Traceroute is very good at trouble shooting slow networks, its also very good at seeing how complicated the internet is and how many different routes a packet of data can take. For example from my computer to my server hosting this site takes 23 hops. This means it goes though 23 different bits of hardware and cables to get to its destination. From Sheffiled to my website in the USA a packet goes to the main switch in my block, the main servers for my Uni network, then around (what I think) is an education network within Britain. This packet is then bounced north to Leeds where it flys round a bit before going down to London. After taking a trip around London it enters the main exchange for the UK, where it flies across the Atlantic. When in America it goes through nine different routers before it enters my servers data centre, before finding my server and then my website. A long route done in (what is normally) about a second or two.
I can spend all day seeing where my packets go, and what connections it uses. Playing a side it is good to see where hold up’s are and if it is possible to correct them.
If you want to find the information behind a website the best way to do this normally is through the contact form a website provides. However if one doesn’t exist, and you need one for legal reasons or otherwise, the Whois is the way to go. With this enter a website and then pick a Whois server.
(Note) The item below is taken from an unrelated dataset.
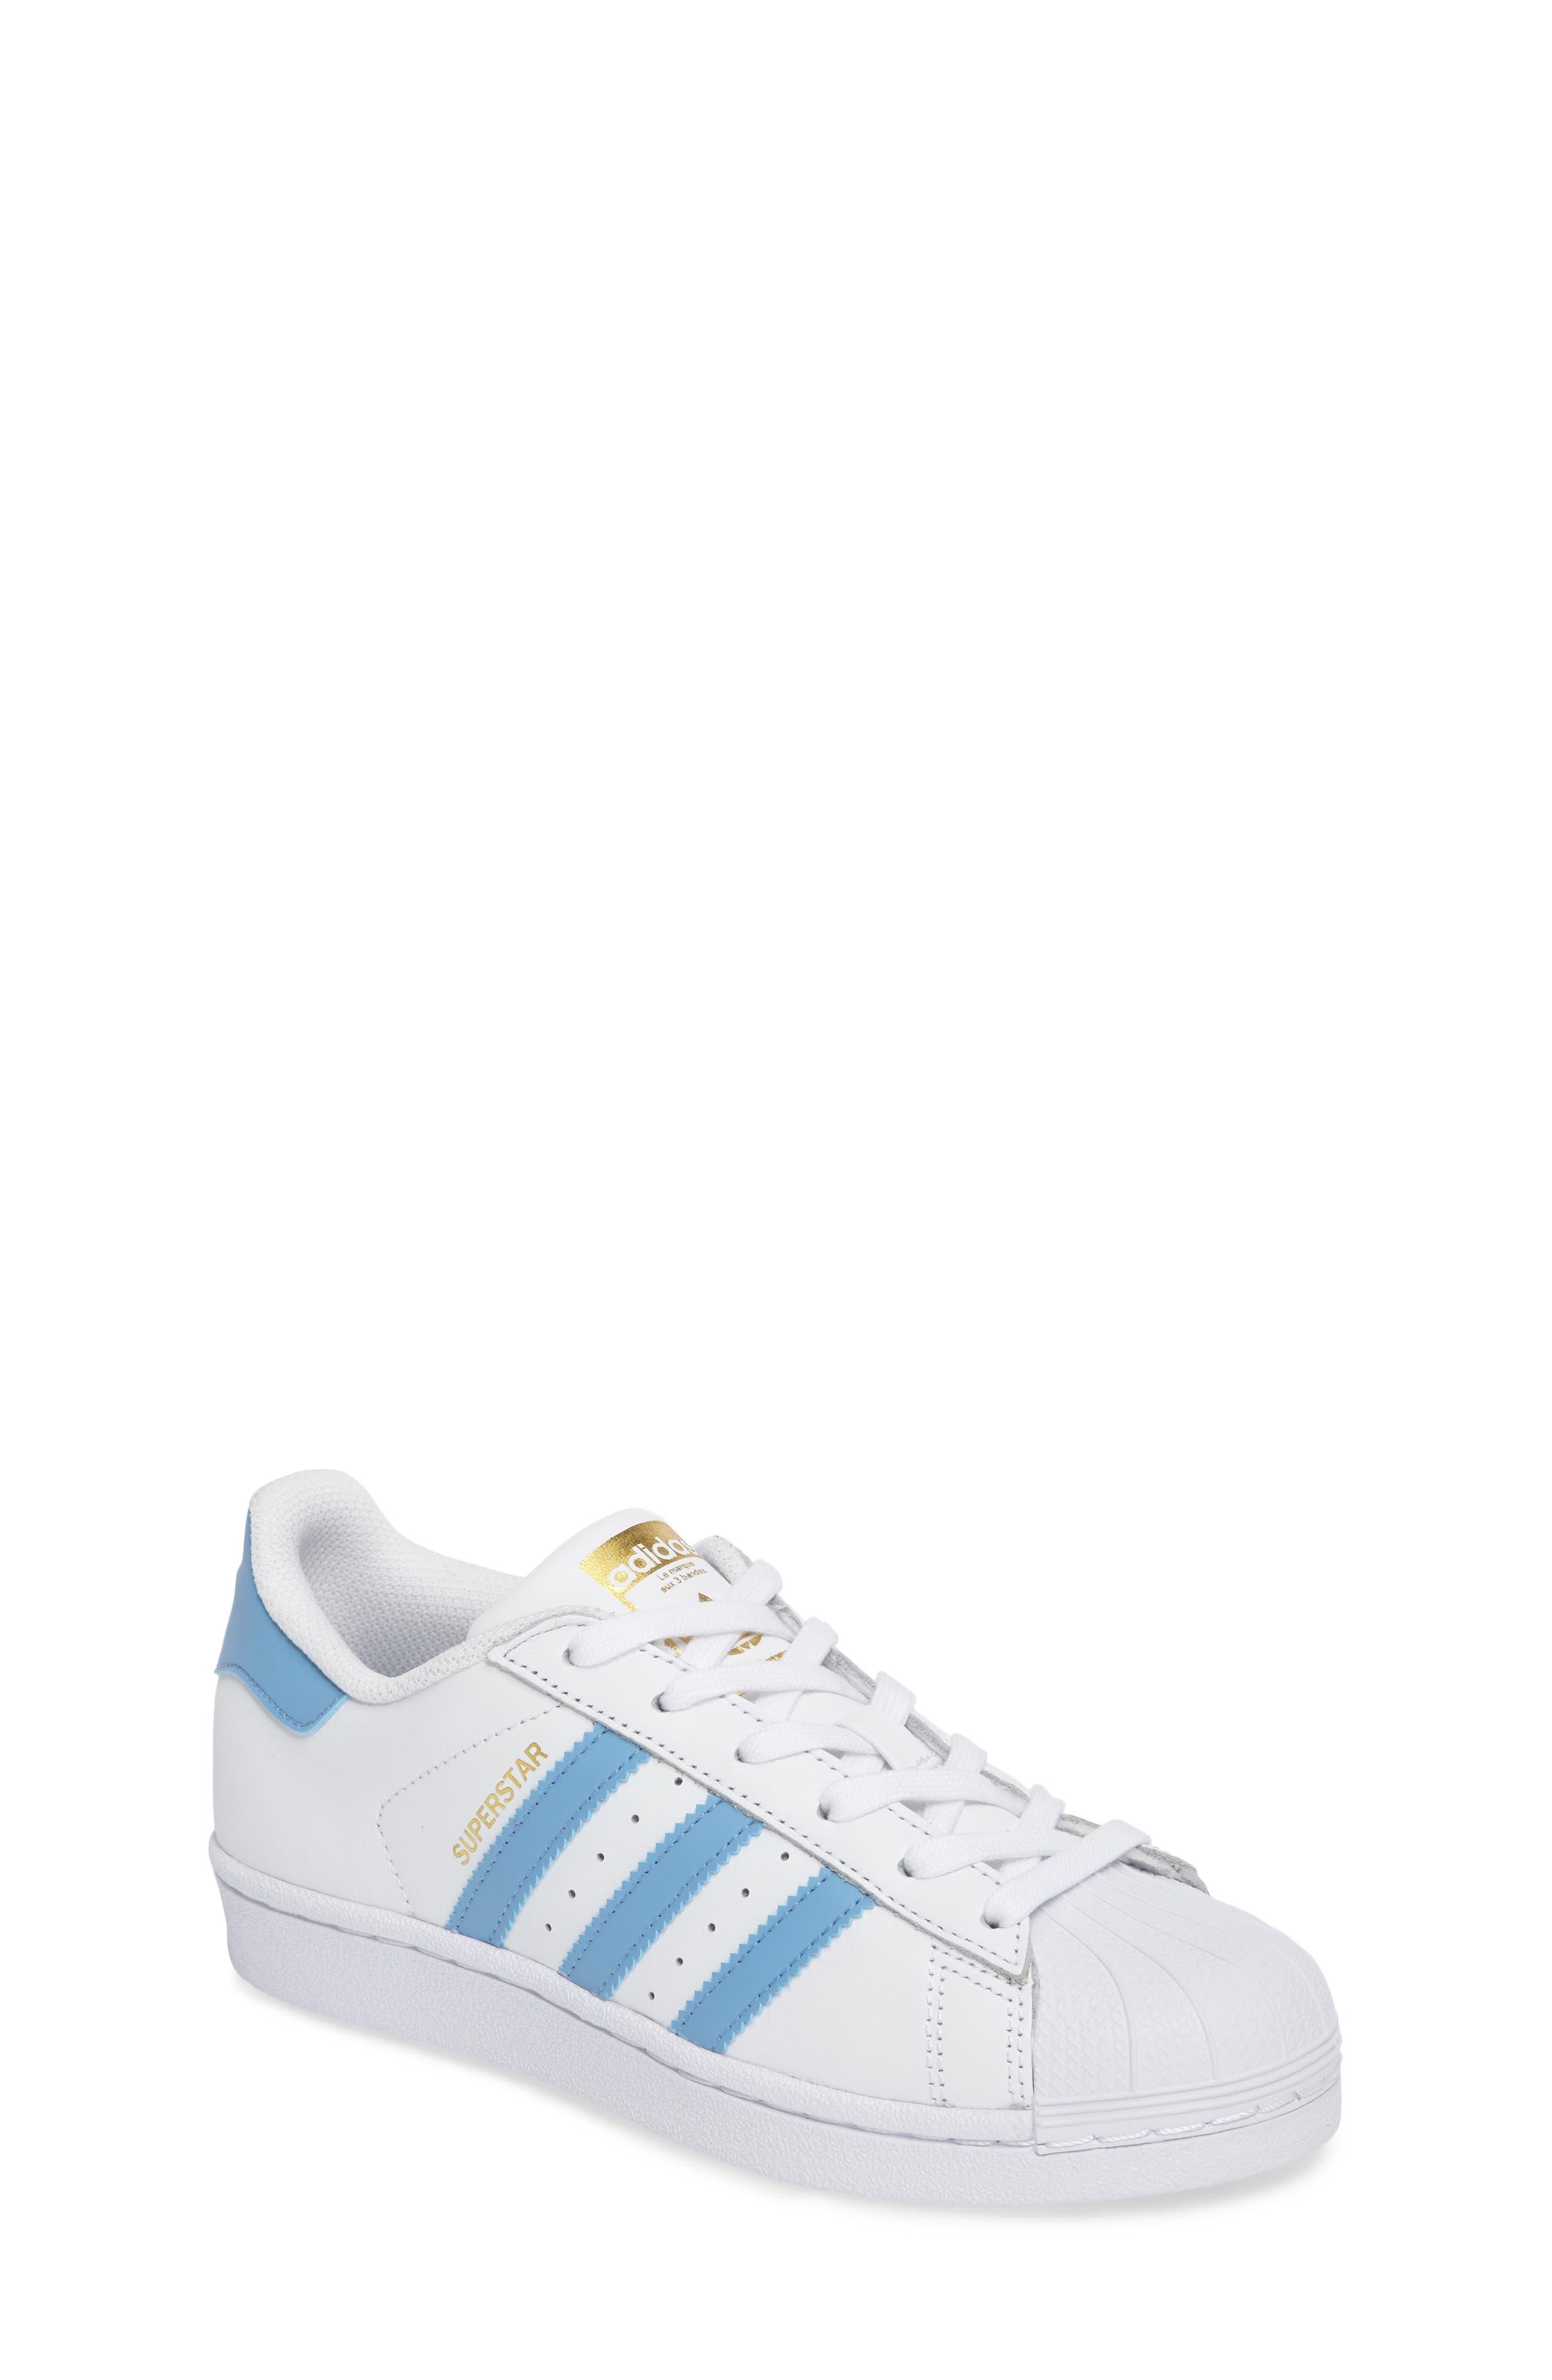 Superstar Foundation Sneaker,                         Main,                         color, White/ Light Blue/ Gold

I recommend adding “whois.godaddy.com” to the server box if you don’t get any meaningful results.
Finger is a very old protocol which was originally designed to find information about a user on a network. Nowadays its not really used due to security and other concerns. However you can find information on your network if you type your name into the box. Although I haven’t tested it it will probably work for other users on your Mac and small home network. Overall this is one option you can probably ignore.
The final option within Network Utility is the port scan option. This is used when you have ports open so can receive requests from other people. This usually includes the “Sharing” options within System Preferences. Any options which you have selected will usually show up here. I like to use this utility to find vulnerabilities and open ports on my Mac and other computers within the network. You can use it on other computers over the net however you usually don’t yeild useful results. I don’t have any ports open so the image below doesn’t show much information.
To conclude Network Utilities has a lot of options. For most people you only really need to use Ping, Traceroute, Whois and occasionally Port Scan. Have a play around with the app and see what information you can yield from it. Its good fun to play with, especially the Traceroute.
If you want to lean more about networking and TCP/IP there are plenty of resources. One of the best is to search the internet to see what you can find. If you like your information in a book there is plenty of resources out there, some good ones include TCP/IP For Dummies for general networking stuff and Mac OS X Unix Toolbox as a general Unix guide. A lot of the actions in Network Utility can be done through Terminal.